Acórdão de 2º Grau

Cartão de Crédito 0824420-65.2019.8.18.0140


Ementa

EMENTA: APELAÇÃO CÍVEL. DIREITO PROCESSUAL CIVIL. AÇÃO MONITÓRIA. COBRANÇA DE QUANTIA CERTA. CONTRATO DE CARTÃO DE CRÉDITO. AUSÊNCIA DE DEMONSTRATIVO DE DÉBITO. OBRIGATORIEDADE. ART. 700, § 2º, INCISO I, DO CPC SÚMULA Nº 247 E TEMA REPETITIVO Nº 474 DO STJ. RECURSO CONHECIDO E DESPROVIDO. 1. Nos termos do art. 700, § 2º, I, e §§ 4º e 5º, do CPC, exige-se, em ação monitória, o atendimento dos requisitos de toda e qualquer petição inicial e daqueles especificados no procedimento especial.

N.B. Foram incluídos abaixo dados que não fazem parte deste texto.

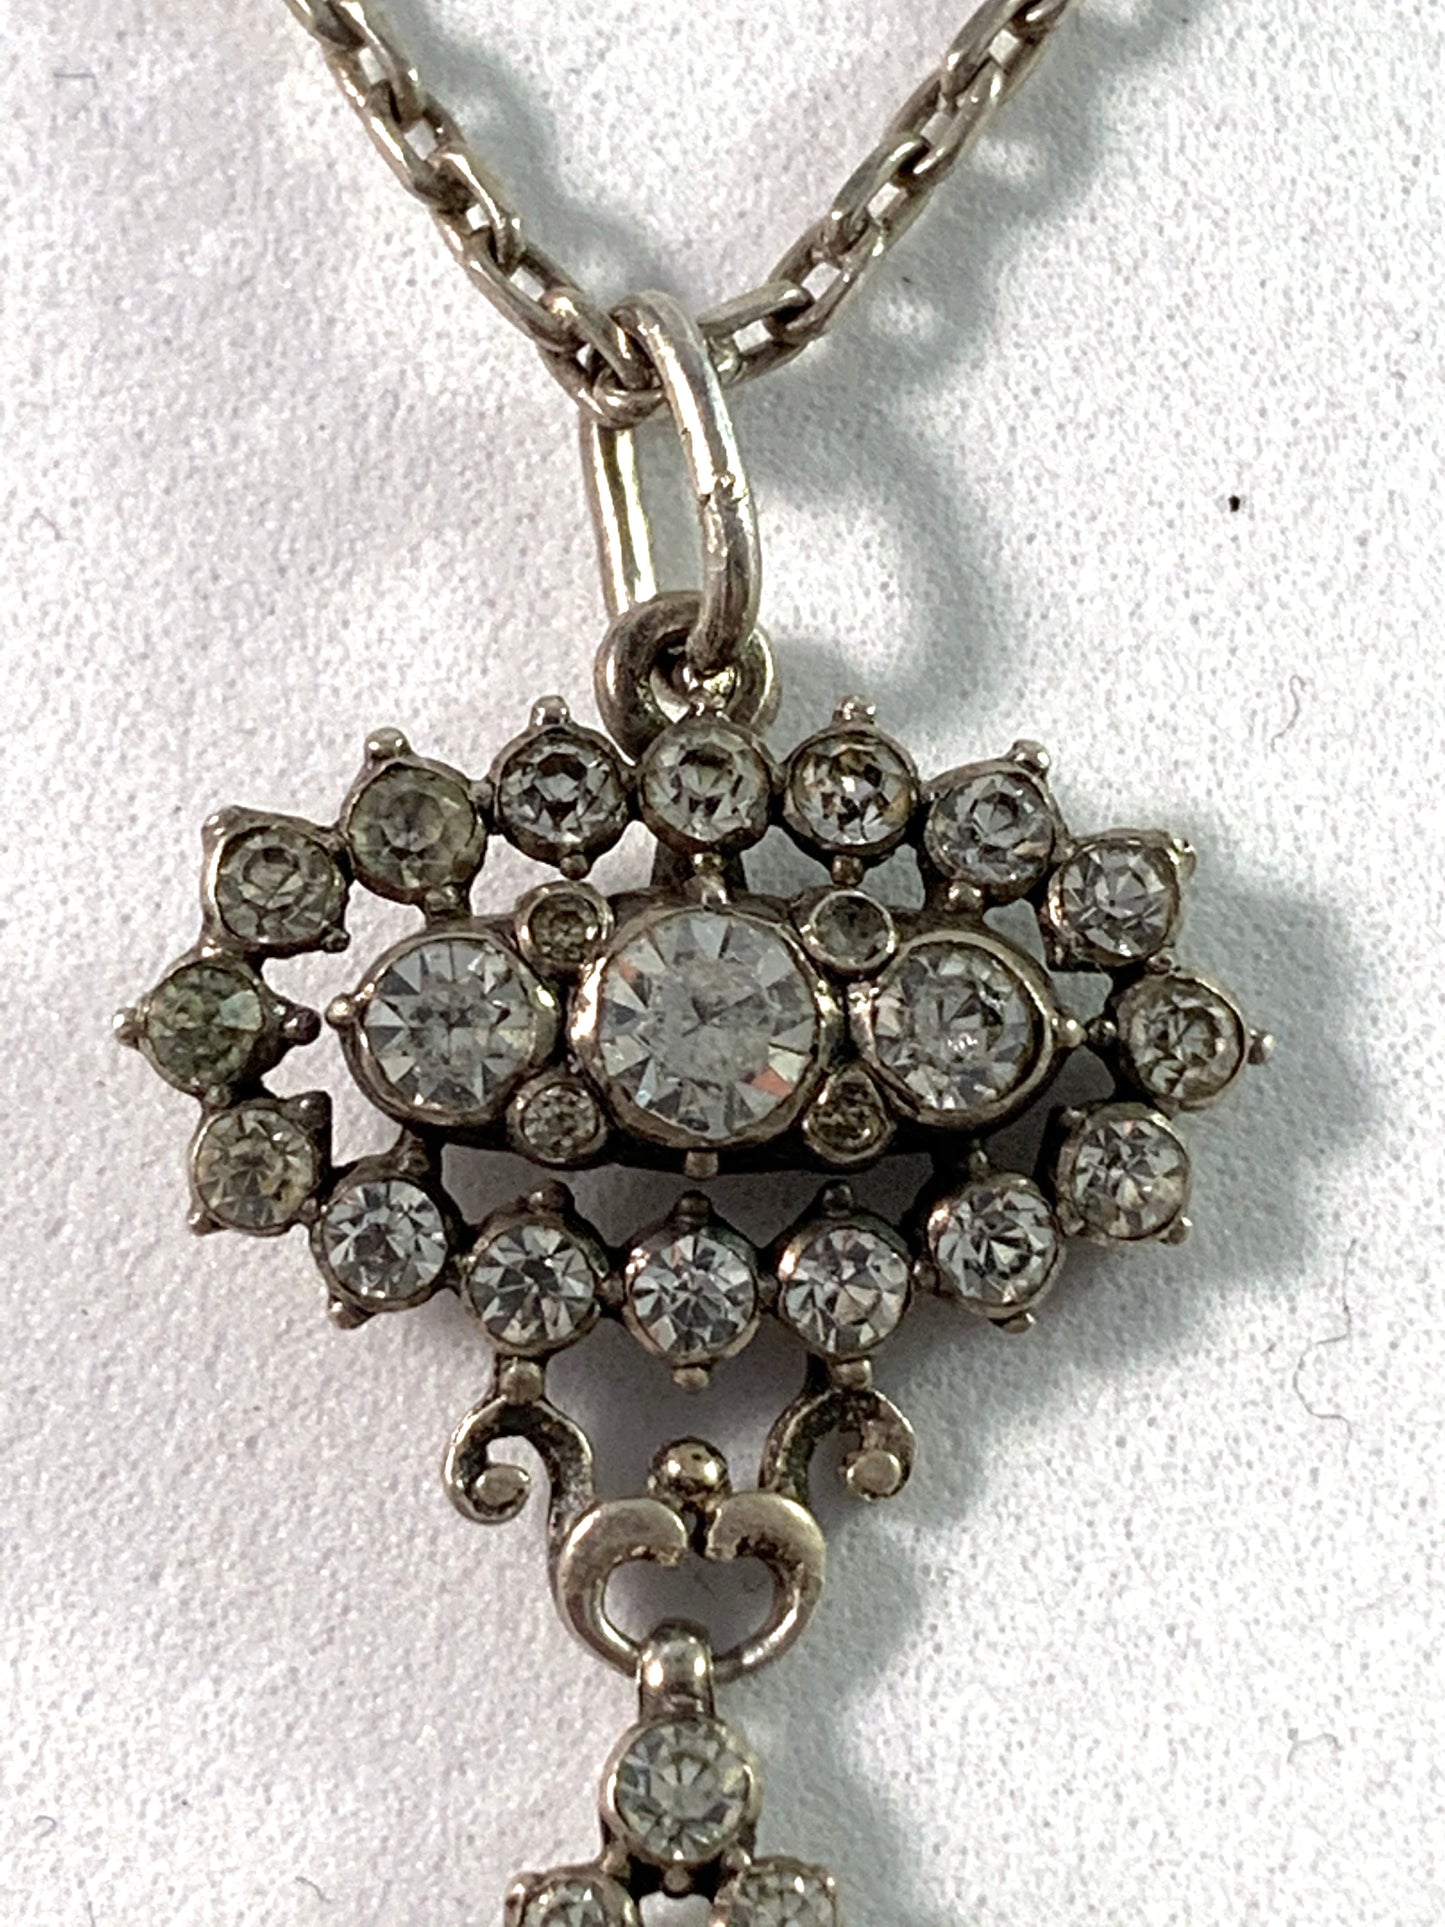 Knoll & Pregizer, Germany 1920s Solid Silver Paste Necklace.

Nos termos da Súmula nº 247 e do Tema Repetitivo nº 474 do STJ. 2.A petição inicial da ação monitória para cobrança de soma em dinheiro deve ser instruída com demonstrativo de débito atualizado até a data do ajuizamento, assegurando-se, na sua ausência ou insuficiência, o direito da parte de supri-la, nos termos do art. 284 do CPC. 3. Para a cobrança de quantia certa, como é o caso de dívidas contraídas em contrato de cartão de crédito, é imprescindível a apresentação de demonstrativo do débito, com a respectiva memória de cálculo, sob pena de indeferimento da petição inicial, facultada a emenda à petição inicial para sanar o vício. 3. Recurso conhecido e não provido sentença mantida. (TJPI - APELAÇÃO CÍVEL 0824420-65.2019.8.18.0140 - Relator: FRANCISCO GOMES DA COSTA NETO - 4ª Câmara Especializada Cível - Data 28/06/2023 )

Acórdão


ÓRGÃO JULGADOR : 4ª Câmara Especializada Cível

APELAÇÃO CÍVEL (198) No 0824420-65.2019.8.18.0140

APELANTE: COOP DE ECONOMIA E CREDITO MUTUO DOS MAG E SERV DO POD JUDICIARIO E ORGAOS JURIDICOS ESTADUAIS E FEDERAIS NA GRANDE TERESINA-SICOOB JURISCRED/PI

Advogado(s) do reclamante: PAULO RENAN REIS MOURAO VERAS REGISTRADO(A) CIVILMENTE COMO PAULO RENAN REIS MOURAO VERAS

APELADO: VALDEILSON DA COSTA E SILVA

Advogado(s) do reclamado: JOAO VICTOR SERPA DO NASCIMENTO DELGADO

RELATOR(A): FRANCISCO GOMES DA COSTA NETO - JUIZ DE DIREITO EM SUBSTTUIÇÃO NO 2º GRAU

 

 



EMENTA

 

APELAÇÃO CÍVEL. DIREITO PROCESSUAL CIVIL. AÇÃO MONITÓRIA. COBRANÇA DE QUANTIA CERTA. CONTRATO DE CARTÃO DE CRÉDITO. AUSÊNCIA DE DEMONSTRATIVO DE DÉBITO. OBRIGATORIEDADE. ART. 700, § 2º, INCISO I, DO CPC SÚMULA Nº 247 E TEMA REPETITIVO Nº 474 DO STJ. RECURSO CONHECIDO E DESPROVIDO.

1. Nos termos do art. 700, § 2º, I, e §§ 4º e 5º, do CPC, exige-se, em ação monitória, o atendimento dos requisitos de toda e qualquer petição inicial e daqueles especificados no procedimento especial. Nos termos da Súmula nº 247 e do Tema Repetitivo nº 474 do STJ.

2.A petição inicial da ação monitória para cobrança de soma em dinheiro deve ser instruída com demonstrativo de débito atualizado até a data do ajuizamento, assegurando-se, na sua ausência ou insuficiência, o direito da parte de supri-la, nos termos do art. 284 do CPC.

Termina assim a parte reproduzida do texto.